BW will be back sometime this weekend, but let’s see if we can get in a few more good discussions before her return.  The last few days I’ve been bothered by how gullible the American public is.  Usually, when I think about gullibility I think of truthers, or Code Pink ladies or leftist who honestly believe that if we are just nicer to the jihadists they’ll be nice to us.  But conservatives, whom I tend to think of as more thoughtful and rational are, at least at times, just as bad.

What sent me down this road was an e-mail I got from my Dad the other day.  It was one of those on-line petitions that was all in a panic.  It lamented that the Senate had passed a bill to give Social Security to illegal aliens who had never contributed to the system.  It urgently pleaded with the readers to sign their name to the petition and pass it on to everyone they knew.  The 1,000th person to sign was suppose to e-mail it on to the White House. 

Of course, the truth was that the Senate had passed a bill that would allow illegals who became legal to get credit for amounts they had contributedwhile working here illegally.  What bothered me was that the petition had been circulating for two years and had 873 signatures.  That’s 873 people, almost all conservatives, I’m sure, given the subject matter, who had signed their name to a public document without bothering to check and see if the underlying claim was even true.  It sounded to them like something a Democrat Senate would do, so they gullibly believe it without any further thought.  873 conservatives!  Ouch!

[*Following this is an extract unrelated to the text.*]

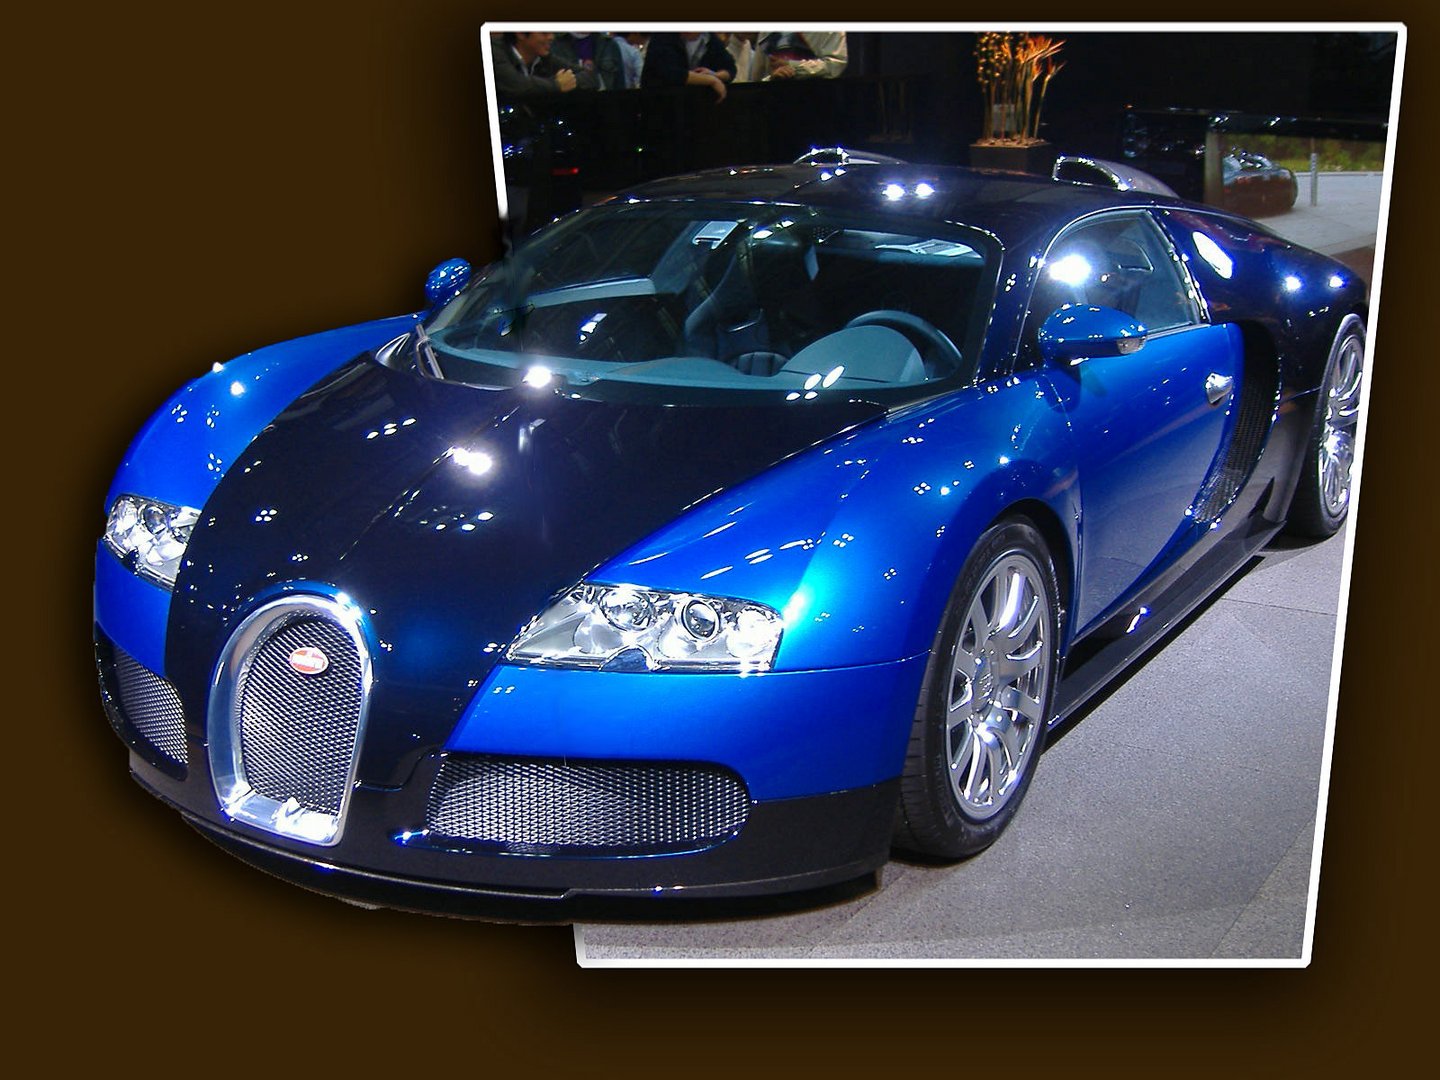 Bugatti~out of bounds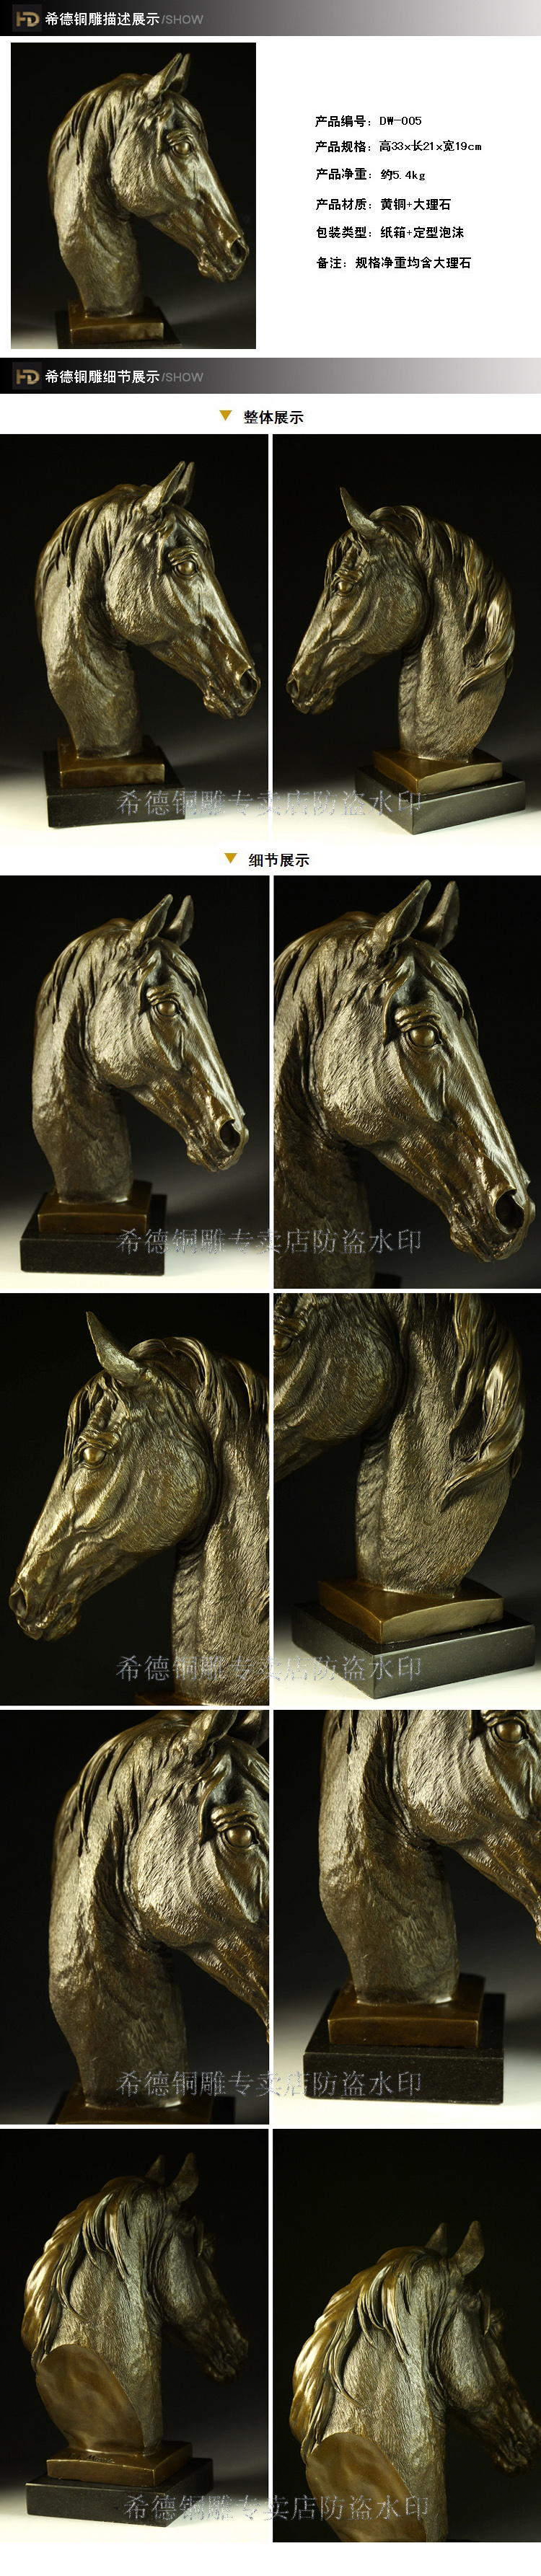 Bronze sculpture, copper sculpture animal copper gangnam crafts quality gift dw-005

Just yesterday I got one quoting a fictitious column by Maureen Dowd as calling for an investigation into Obama’s Internet fundraising.  Now such an investigation might be warranted, but you know full well Maureen Dowd would never write such a column.  I get these all the time.  The flat majority of them are untrue and snopes.com has articles saying so in most cases.  Yet they continue to  circulate.  Among conservatives.  It makes me wonder if there is something too trusting and gullible general in the American psyche. 

Maybe I’m too gullible myself, but I’ve always thought of Americans as hard-headed realists.  Part of our success came, I thought, from our ability to think and act rationally and objectively — maybe even skeptically.  It seems we are losing that capacity.  And I can’t imagine that bodes well for America’s future.